We're here now and after another period of initial nervousness, he seems to be doing great. He's had a little home made for him in my mom's jacuzzi tub. It's outfitted quite nicely for him. He's got all his toys from home, so I think he feels comfortable.

I'm hoping that he'll be able to come with me every time I come out here, so I've got my fingers crossed that he's got the "travels okay" personality! =)


----------



## DozyDoris (Sep 5, 2009)

We took our bunnies to Cornwall to see our parents which is a six hour trip along with our two labs!! On the way we got a puncture on the motorway and it was the first time the AA had been called out to a breakdown with bunnies in the car!!! They both traveled really well but are quite chilled bunnies by nature!! :bunnydance:


----------



## ijRoberts (Sep 8, 2009)

So, I just got back from the weekend at my parent's house and Jake's first trip!

He seemed a little nervous in the car when we first started going and just hunkered down in corner of his travelling cage, but after about 45 minutes he was alright and moving around and checking things out.

Once I got to the house he got nervous again and didn't want to leave the corner.
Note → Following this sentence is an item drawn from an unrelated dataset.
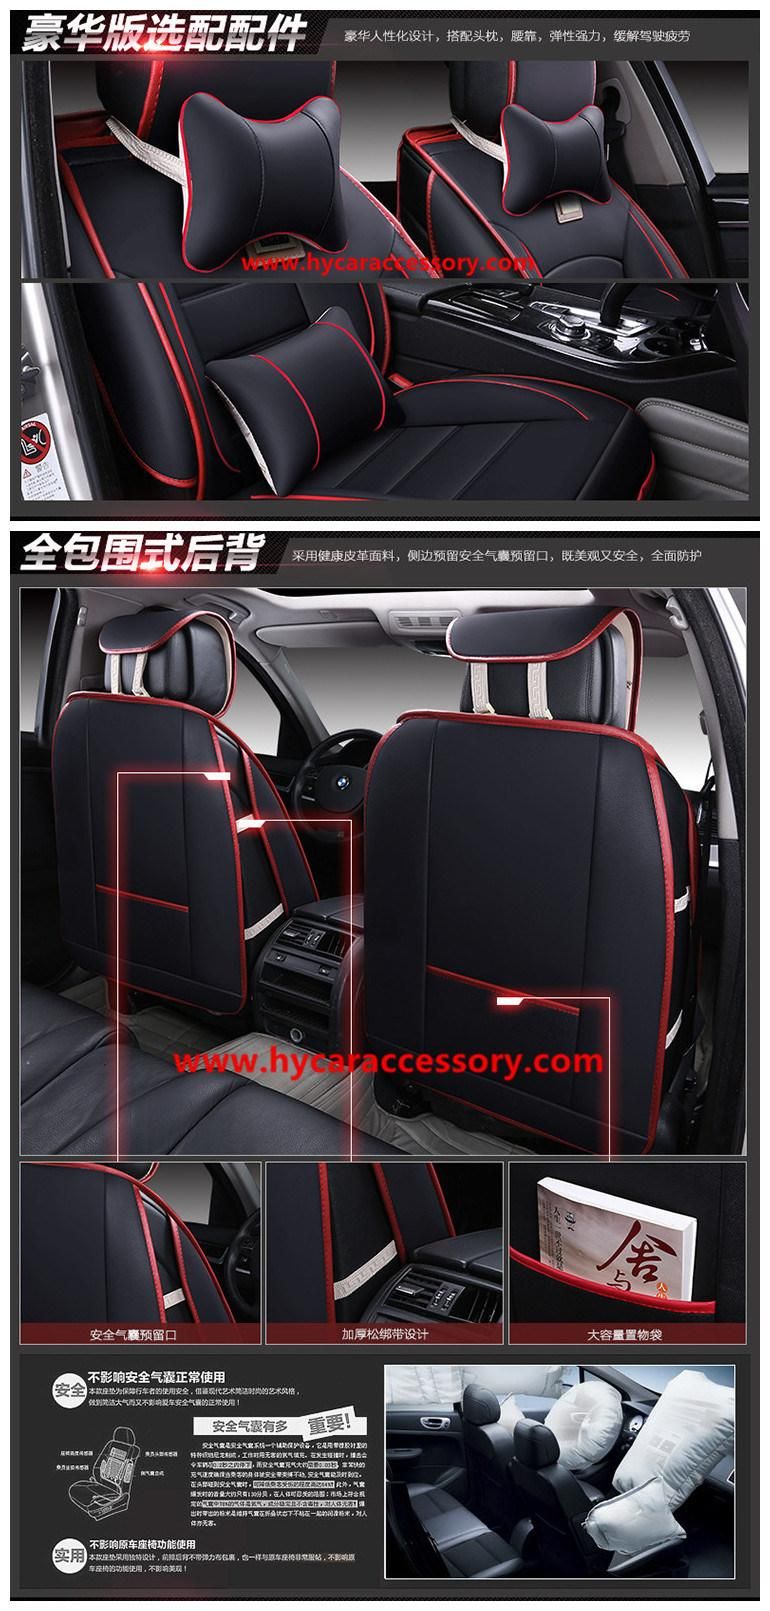 Factory Supply PVC/PU Leather Universal Beige Car Seat Cushion for All 5 Seater Car Models

My parents have a large jacuzzi tub in their bathroom, so we put his little travelling cage in there and made it all up for him as a 'bunny Disneyland' and once he realized that he wasn't dinner, he came out and started getting comfortable.

My whole family loved him and I would constantly find people in there with him throughout the day. He really got used to being pet and handled and really enjoys the attention, so I think it was a big breakthrough weekend for him.

I got a couple pictures of him and his 'home away from home' setup that I'll have to share, but for the most part it couldn't have gone any better!


----------



## tonyshuman (Sep 8, 2009)

That's great! It sounds like you did everything right to make him comfortable.


----------



## ninetoes01 (Sep 8, 2009)

wow, I'm really glad I found this thread! What do you guys think about this:
I'm thinking about moving back to southern ontario from BC - problem is, it's a 6 day drive!!! Any advice?


----------



## golfdiva (Sep 8, 2009)

I will give you my two cents, just 'cause I haven't posted in awhile! lol!

We take Hershey on car trips often. I do not use a carrier. I know most people do and I understand the concerns, but we thought about it and decided it was easier and more comfortable for all to not use it.

We started w/ short, frequent trips so he could get used riding. I take a litter box, food and water and an xpen. I block up the space under the driver's seat to make sure he can't interfere w/ the driver.I also checked under seats, etc. to make sure there was nothing for him to chew on and ruin. I keep the litter box on the floor by my feet (DH is driving). Hershey mostly sits under my seat or on my lap. We don't leave him alone in the car as it can quickly get too hot for him and cause death. 

Unlike dogs, he doesn't like looking out the window, and prefers not to see the scenery rushing past him! We do take breaks so he can get a little exercise, but I have water, food and a litter box available for him at all time.

This way we have takenhim to Florida and back twice, as well as several shorter trips. He seems to be fine. The second time we went to Florida I'm surehe even remembered the condo!


----------